# Solve System

• January 23rd 2008, 04:11 PM
AHDDM
Solve System
x^y=y^x
x^x=y^(9y)

• January 23rd 2008, 04:38 PM
mr fantastic
Quote:

Originally Posted by AHDDM
x^y=y^x
x^x=y^(9y)

$(x^y)^x = (y^x)^x \Rightarrow x^{yx} = y^{x^2}$.

$(x^x)^y = (y^{9y})^y \Rightarrow x^{xy} = y^{9y^2}$.

Therefore $y^{x^2} = y^{9y^2} \Rightarrow x^2 = 9y^2$.

Therefore ........
• January 23rd 2008, 05:02 PM
AHDDM
x^2=9y^2

y=x/3

x^x=y^(9*x/3)
x^x=y^(3x)

I got this so far<

When I use x=3y and plugin to first equation

I get to 3y^y=y^(3y)

I did it and i got x=0 and y=0
• January 23rd 2008, 05:53 PM
mr fantastic
Quote:

Originally Posted by AHDDM
x^2=9y^2

y=x/3

x^x=y^(9*x/3)
x^x=y^(3x)

I got this so far<

When I use x=3y and plugin to first equation

I get to 3y^y=y^(3y)

$x^2 = 9y^2 \therefore x = \pm 3y$.

Case 1: x = 3y.

$(3y)^{3y} = y^{9y} \Rightarrow 3^{3y} y^{3y} = (y^{3y})^2 \Rightarrow y^{3y} \left( 3^{3y} - y^{3y} \right) = 0 \Rightarrow 3^{3y} - y^{3y} = 0 \Rightarrow 3^{3y} = y^{3y}$. So one obvious solution is $y = 3 \Rightarrow x = 9$ .......
• January 23rd 2008, 06:08 PM
AHDDM
That looks all right to me but I just plugged in to check it doesnt come out
• January 23rd 2008, 06:44 PM
mr fantastic
Quote:

Originally Posted by AHDDM
That looks all right to me but I just plugged in to check it doesnt come out

You're right. I should have remembered that the only integer solutions of $x^y = y^x$ are (2, 4) and (4, 2) .....

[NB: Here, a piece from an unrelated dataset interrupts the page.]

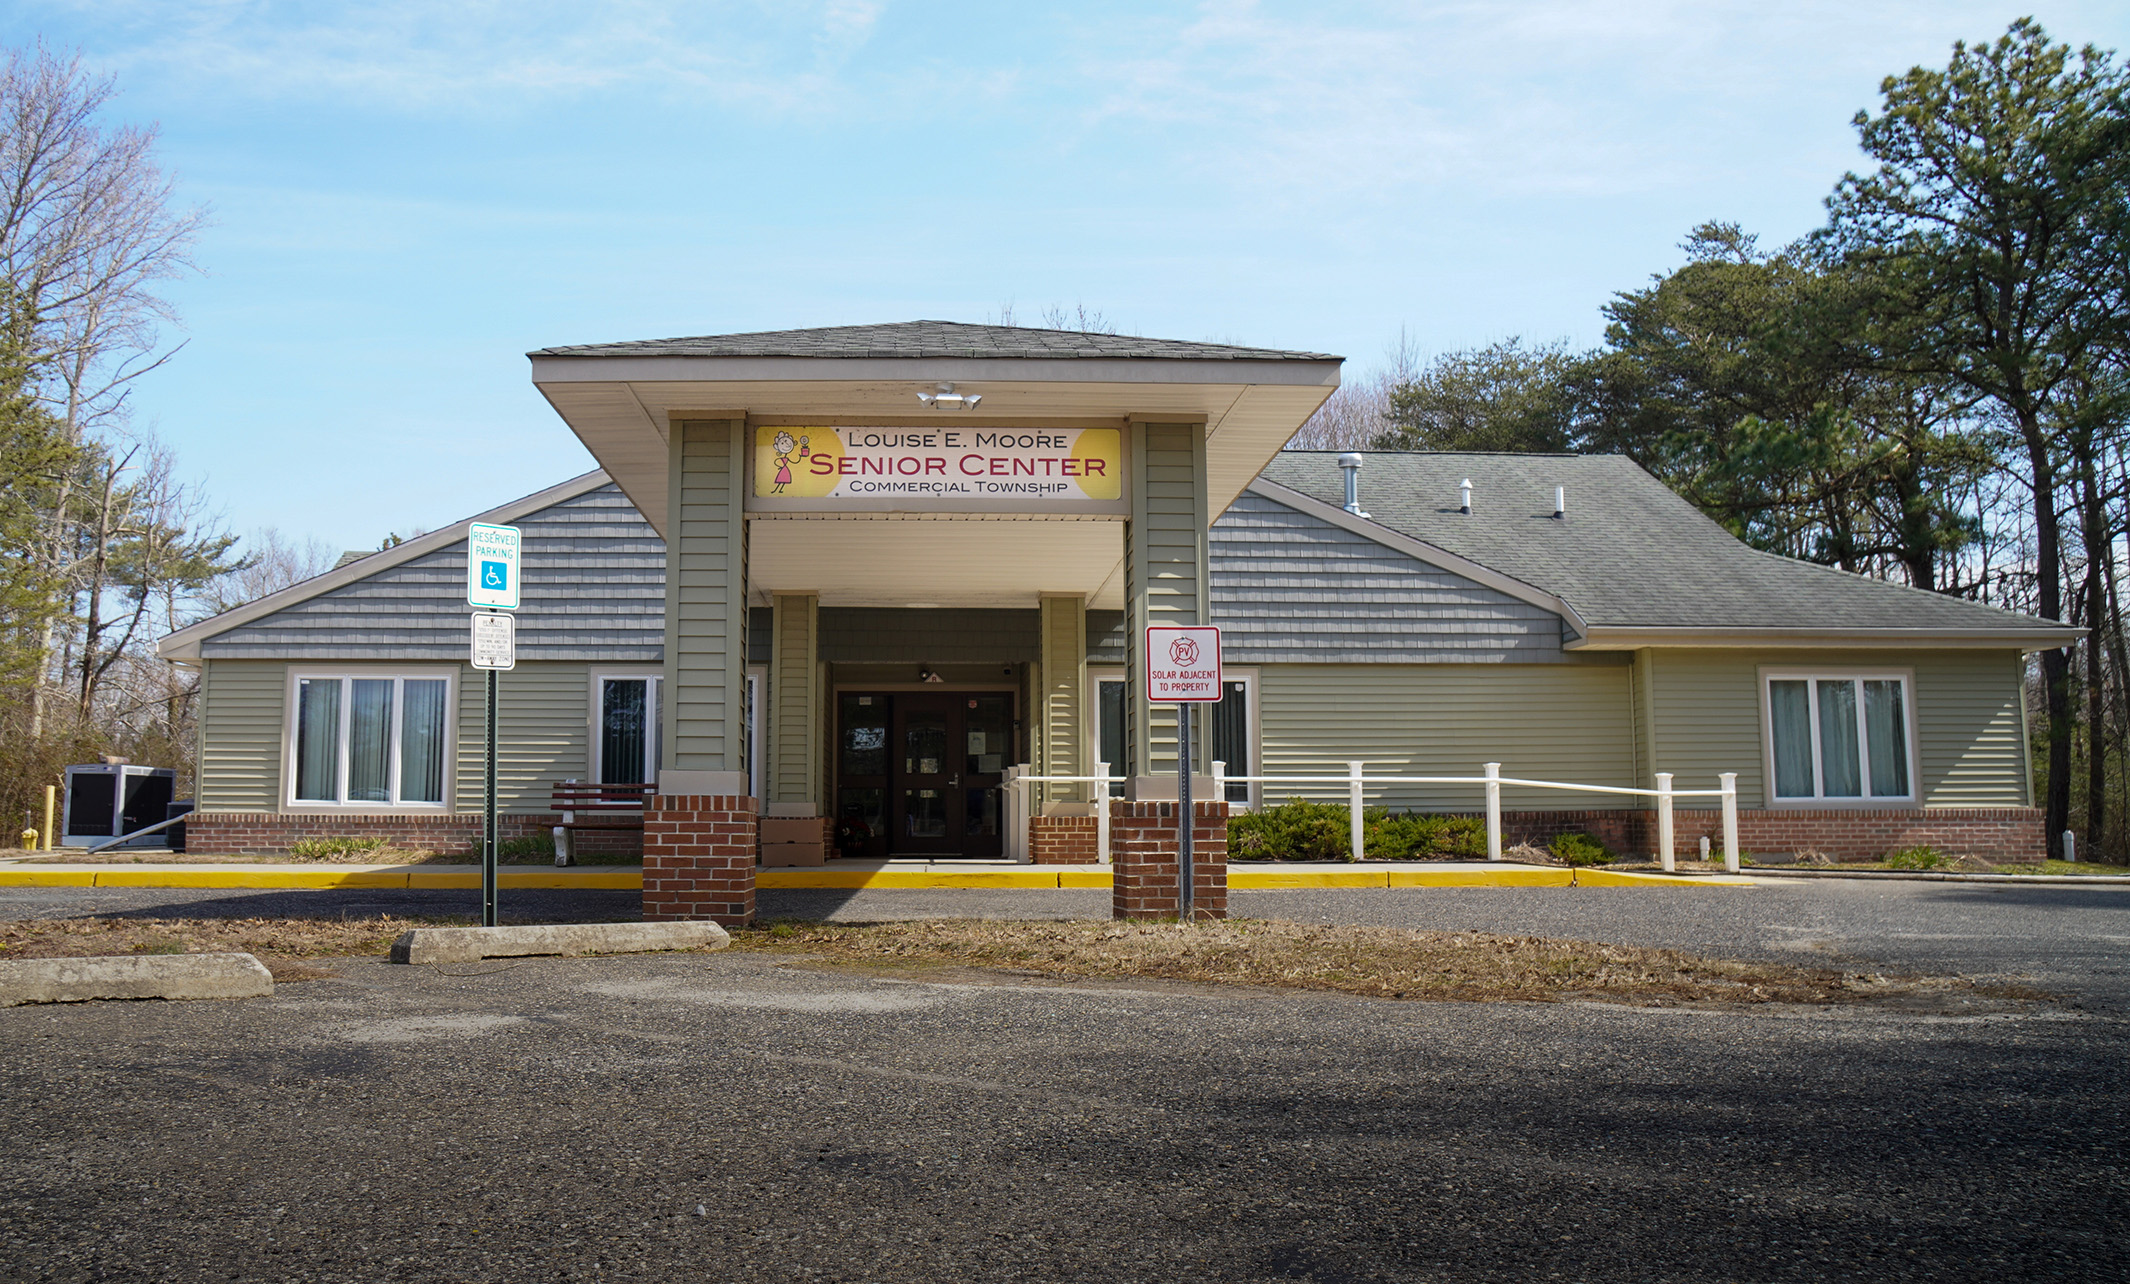 Family Success Center - Commercial Township

So (9, 3) is a spurious solution ......

If you sub x = 3y into $x^y = y^x$ you get:

$(3y)^y = y^{3y} \Rightarrow 3^y y^y = (y^y)^3$ $\Rightarrow y^y \left( 3^y - (y^y)^2 \right) = 0$ $\Rightarrow 3^y - y^{2y} = 0$.

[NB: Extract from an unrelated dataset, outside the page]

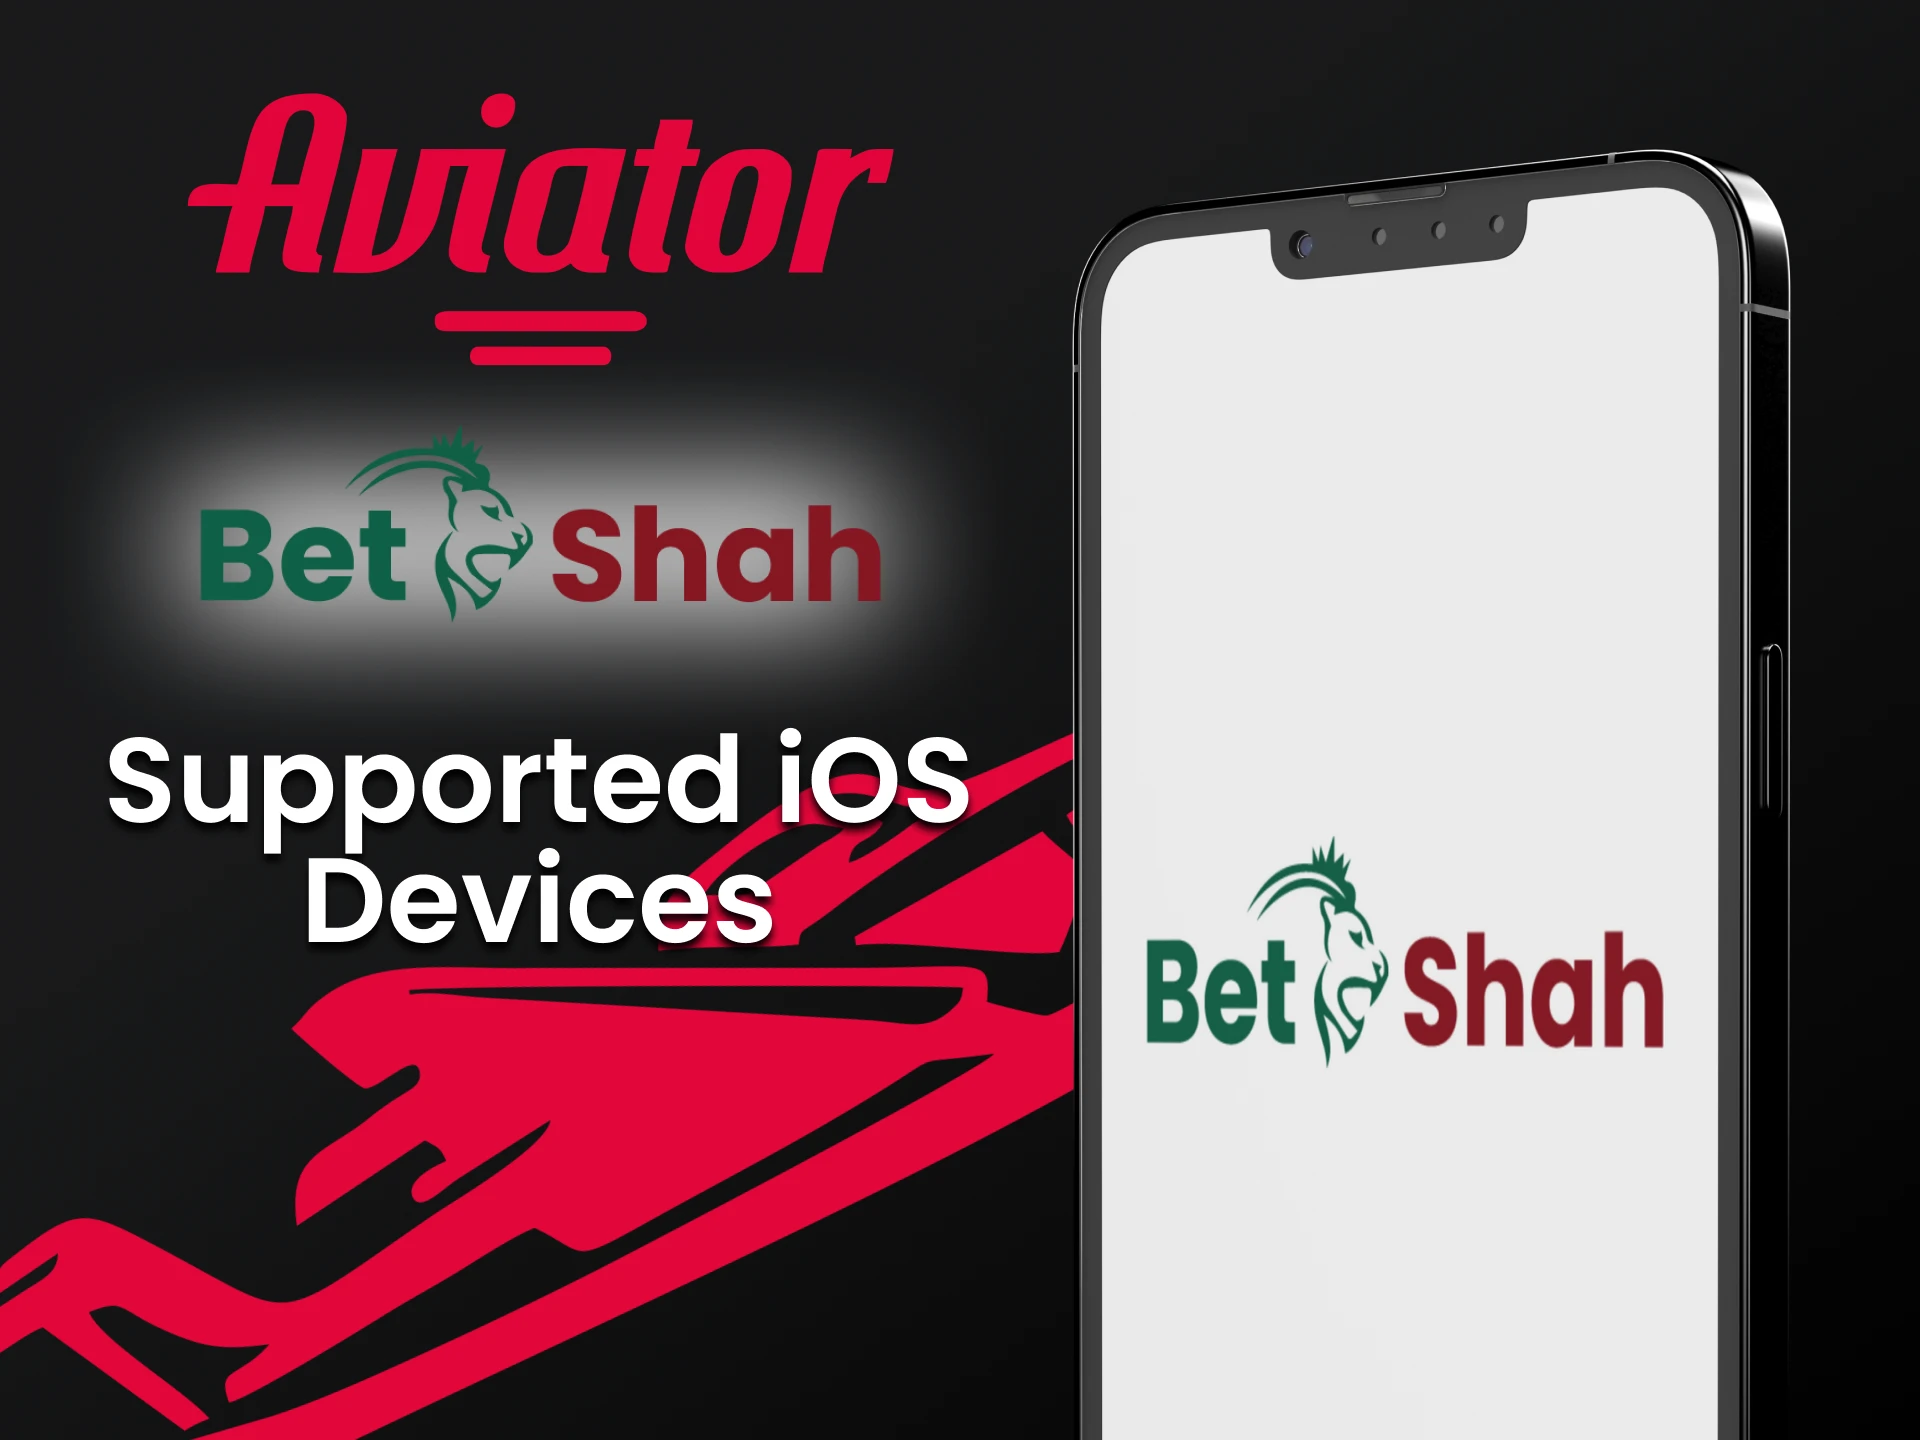 Use the BetShah app on iOS devices to play Aviator.

An approximate solution is $y = 1.73205 \Rightarrow x = 5.19615$. This solution does seem to work ..... To express this solution for y in exact form, I think you'd need to use the Lambert W-function ......

I haven't looked at the x = -3y case yet, but there will probably be similar if not worse difficulty in store ......

Are you expected to get exact solutions?